++++ Data section ++++

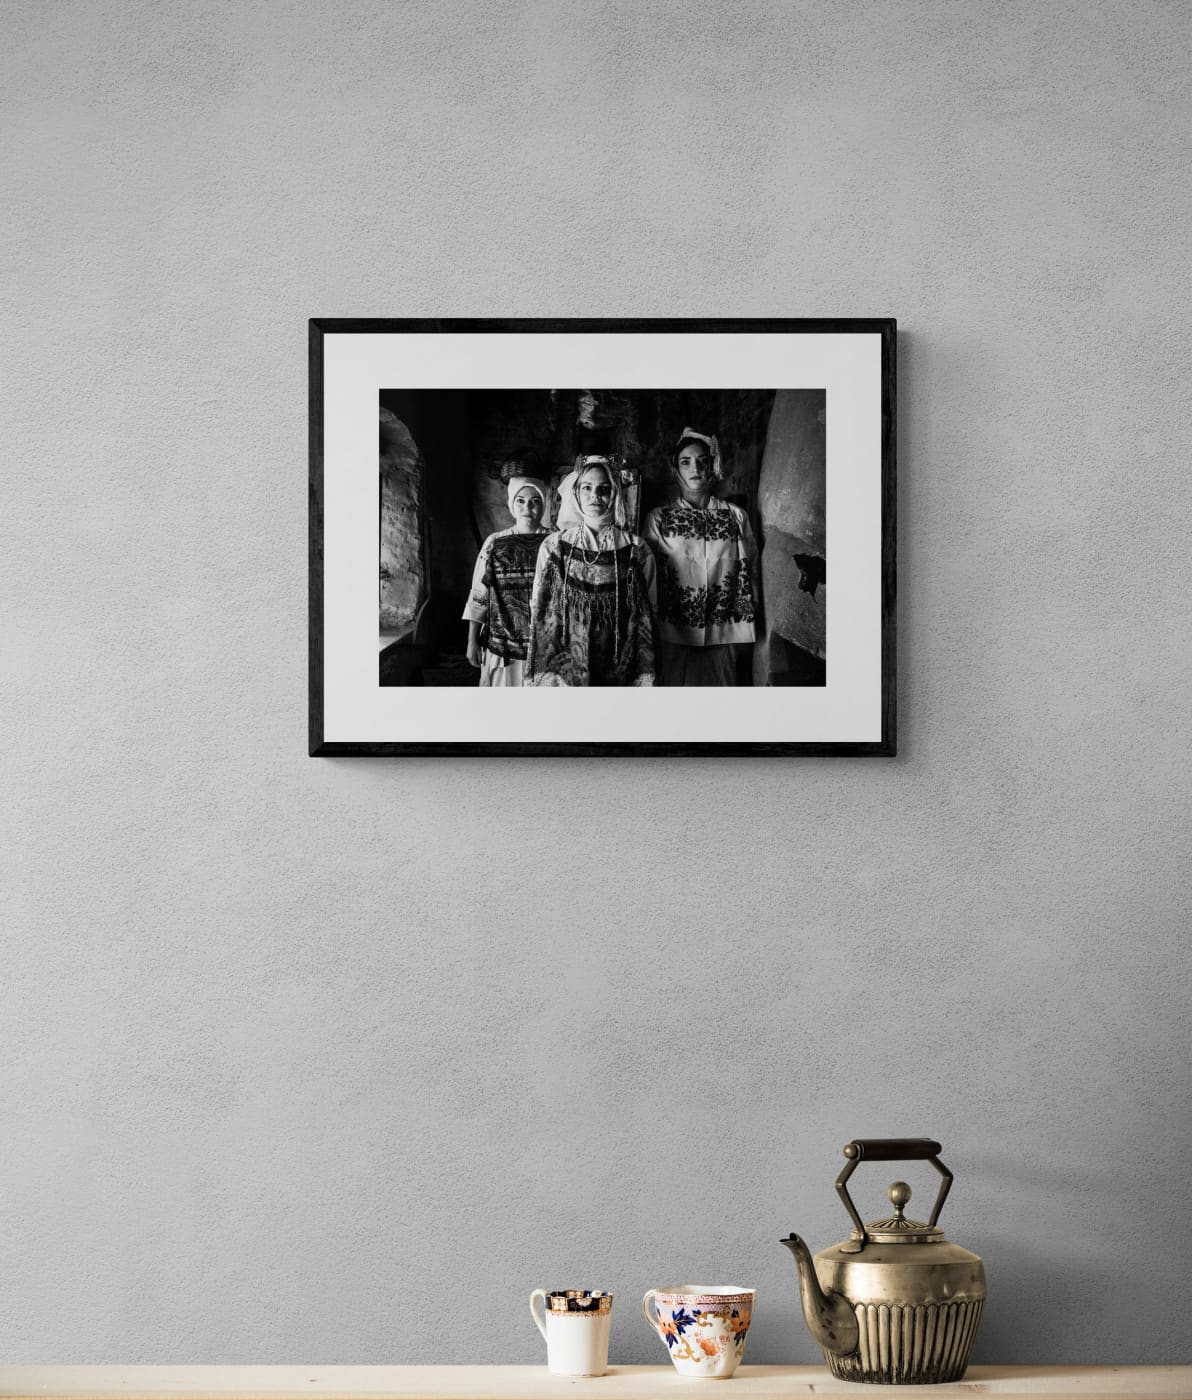 Black and White Photography Wall Art Greece | Pyrgi costumes indoors Mastichochorea Chios island Greece by George Tatakis - single framed photo
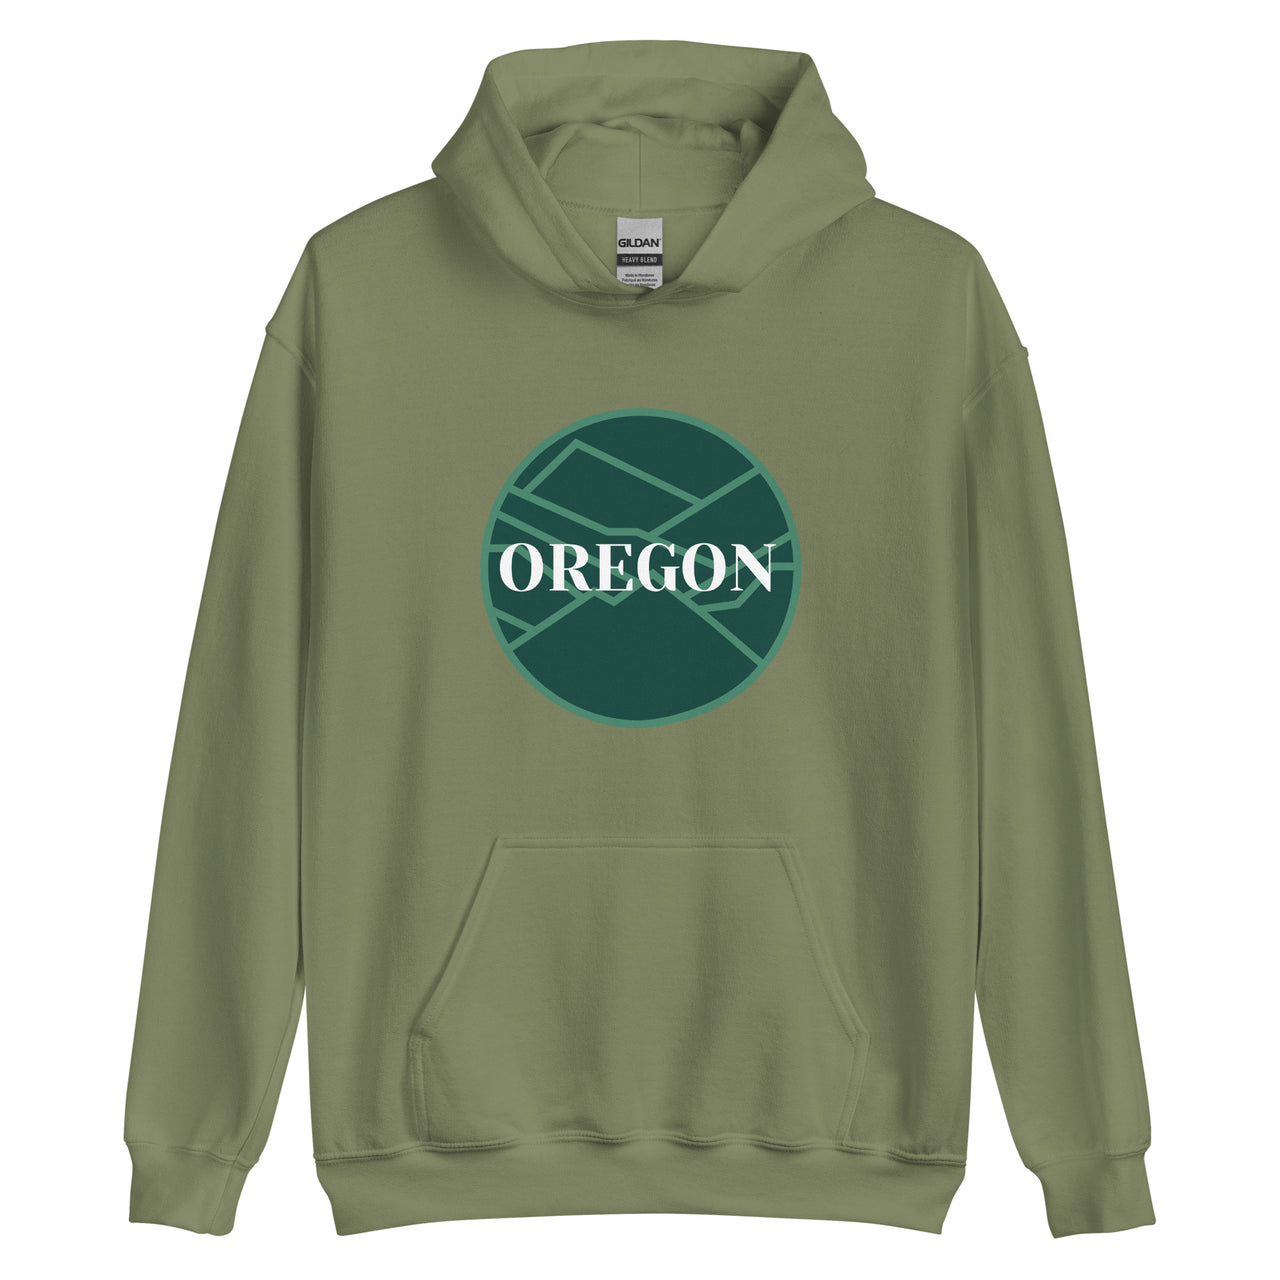 OREGON - Green - Unisex Hoodie
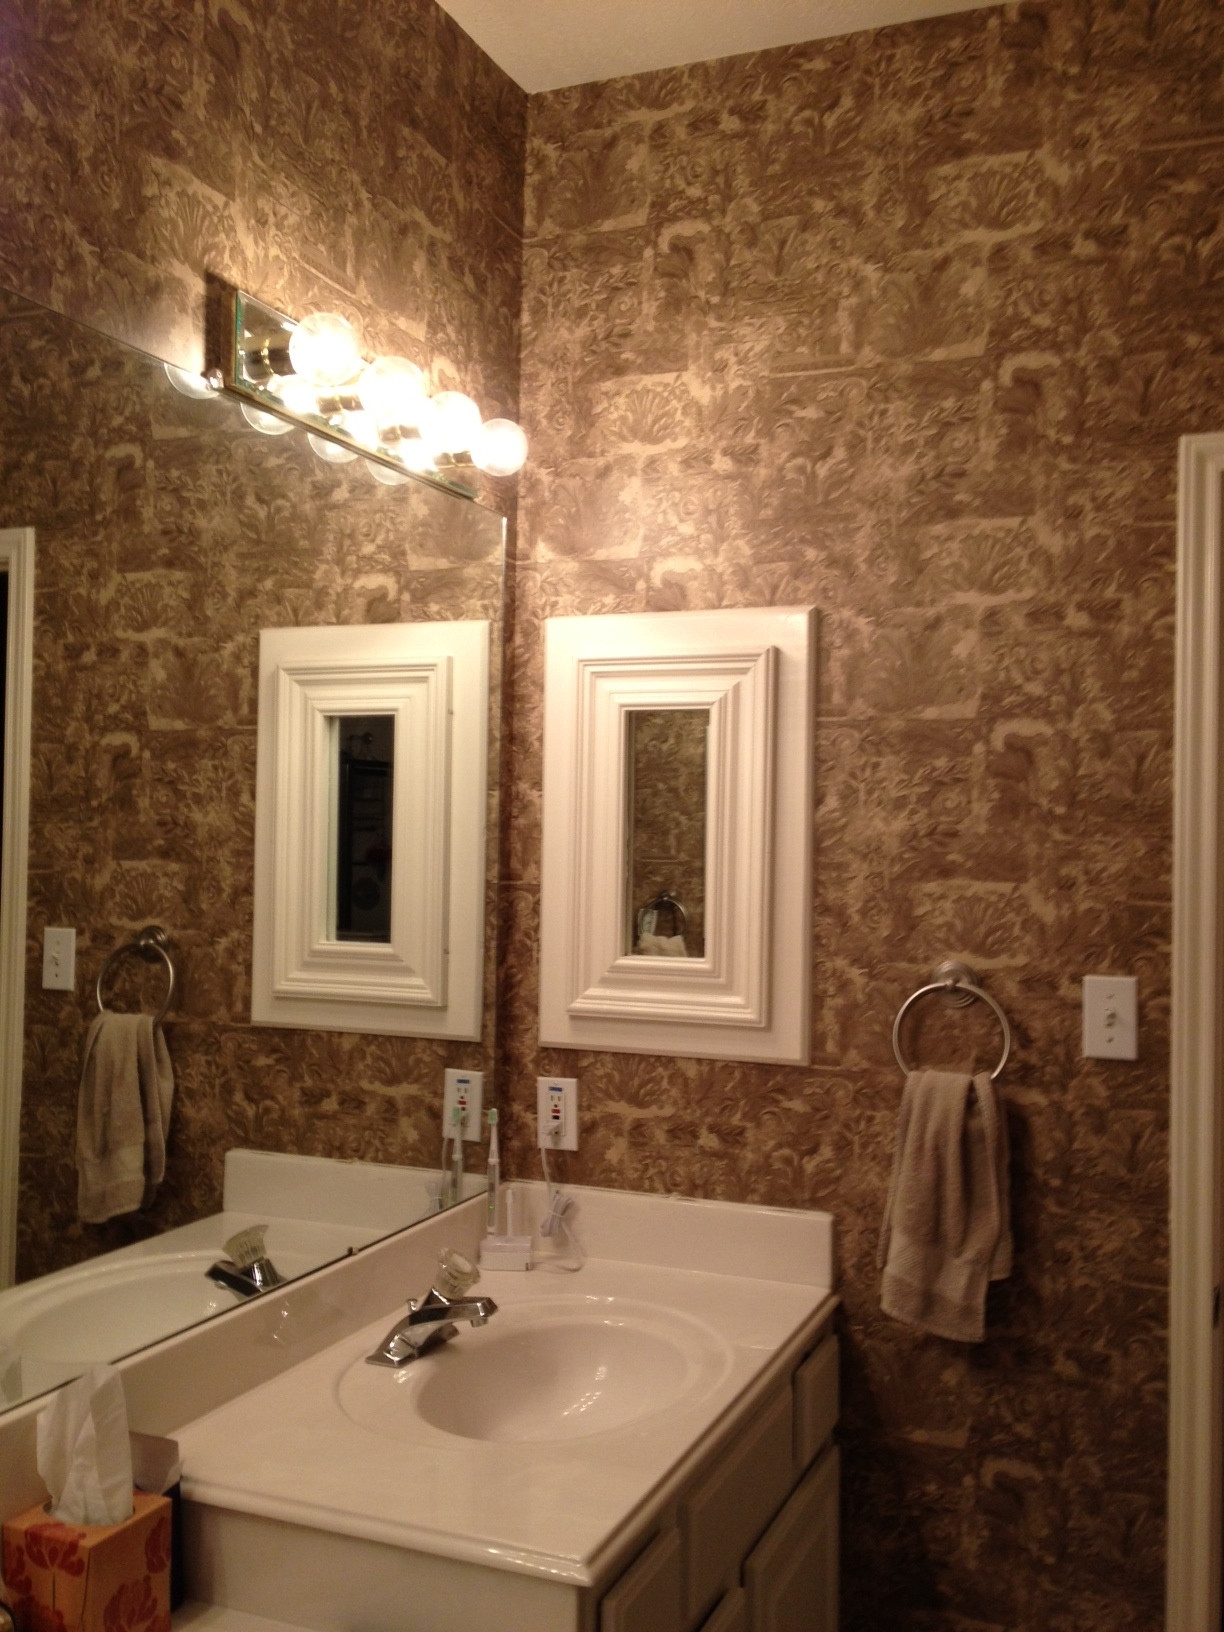 Bathroom Wallpaper Designs
 15 Stunning Bathroom Wallpaper Design Ideas

++++

If a picture appears in the data, omit it; transcribe all the rest exactly.

 Black and White Photography Wall Art Greece | Pyrgi costumes indoors Mastichochorea Chios island Greece by George Tatakis - single framed photo
 OREGON - Green - Unisex Hoodie
 Bathroom Wallpaper Designs
 15 Stunning Bathroom Wallpaper Design Ideas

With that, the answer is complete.